Пашенька почти не изменился. Строгий светлый костюм на заказ, лаконичный ёжик русых волос с серебром редкой седины на висках. Чуть резковатые, но от этого неумолимо цепляющие черты лица скандинавского божества; вечный, будто приросший намек на будущую обаятельную улыбку в изгибе рта. Ярко-голубые глаза, с чуть более углубившимися лучистыми морщинками вокруг, что взирают на мир с неизменной, идеально отмерянной, чтобы не стать отталкивающе-раздражающей, уверенностью, внушающей тебе иллюзию защищенности, надежности. Да уж, мой бывший умел производить на женщин неизгладимое впечатление, это его врожденная сверхспособность. Как и умение внушить всем поведшимся на это дурам ощущение собственной исключительности в его глазах. Ровно до тех пор, пока ты не убеждаешься в обратном и не осознаешь, что все эти его сверхспособности направлены исключительно на то, чтобы использовать всех по мере необходимости и исходя из имеющихся у них возможностей.
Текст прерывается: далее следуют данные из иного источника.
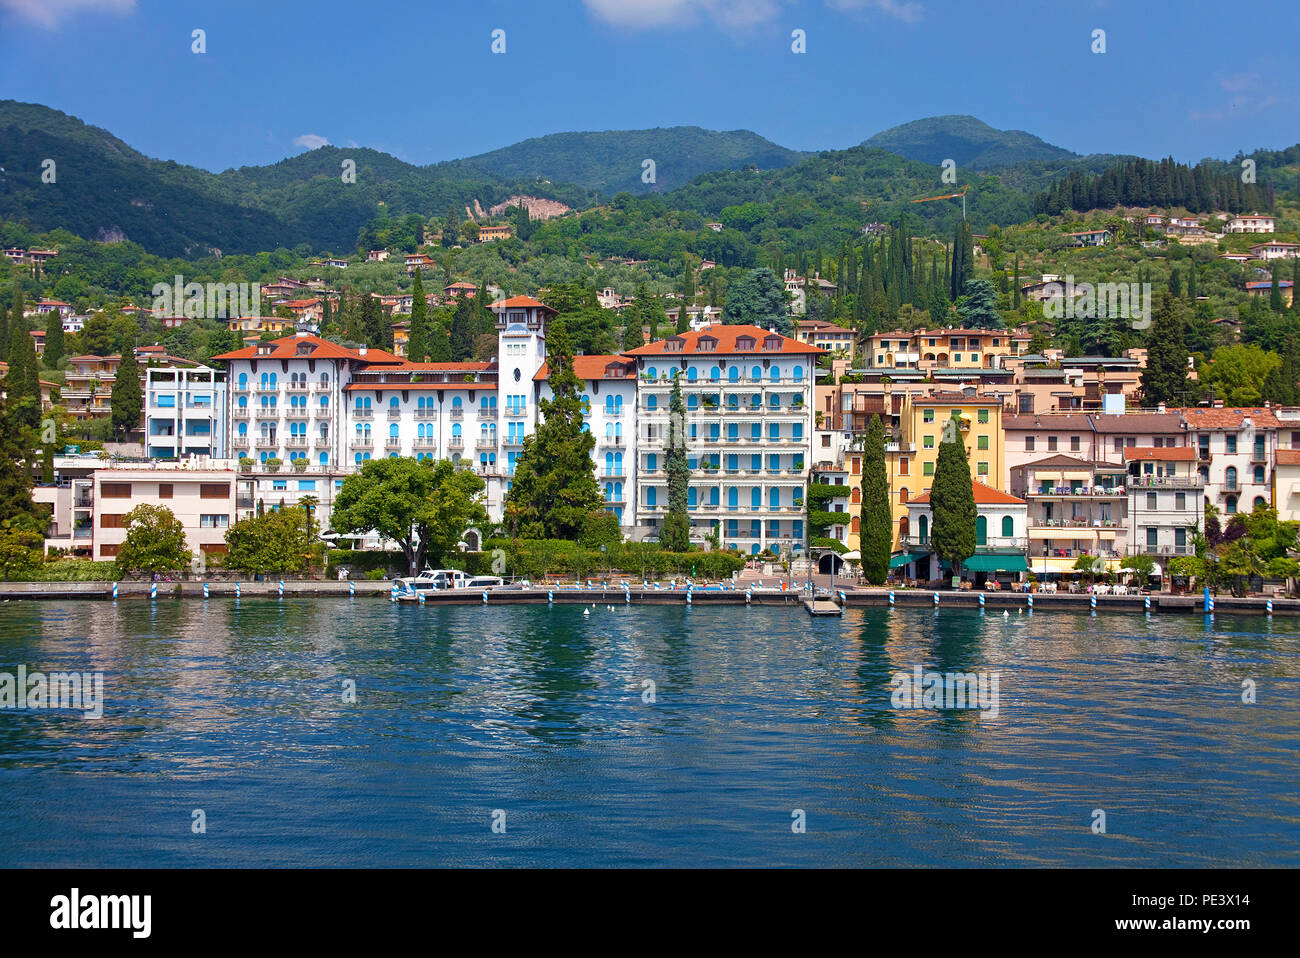 Savoy Palace hotel alla passeggiata a lago di Gardone Riviera sul lago di Garda, provincia di Verona, Italia Foto Stock

– Софи… – начал Пашенька, вздохнув и наградив меня взглядом бесконечно терпеливого и страдающего человека, но я вскинула ладонь, обрывая его заготовленную речь.

– Прекрати! Я всегда терпеть не могла, когда ты называешь меня так. Как шлюху в борделе.

– А я надеялся, что ты достаточно повзрослела, чтобы перестать выдумывать себе обиды на пустом месте и искать во всем оскорбительный смысл.

– Рада не оправдать твоих надежд на мой счёт, – огрызнулась я, ощущая, что неумолимо начинаю заводиться, а значит проигрывать ему, как всегда. – Уходи.

– Может, ты мне хоть чаю предложишь? На улице сырость, я бы не отказался выпить горячего.

– Чаю тебе жена нальет, Паша. У меня нет ни времени, ни желания привечать чужих мужиков.

– Мужиков, – чуть заметно поморщился подлец. – Деревней лапотной попахивает.

– А от твоего «Софи» – дешёвым борделем, – возразила я, злясь все больше.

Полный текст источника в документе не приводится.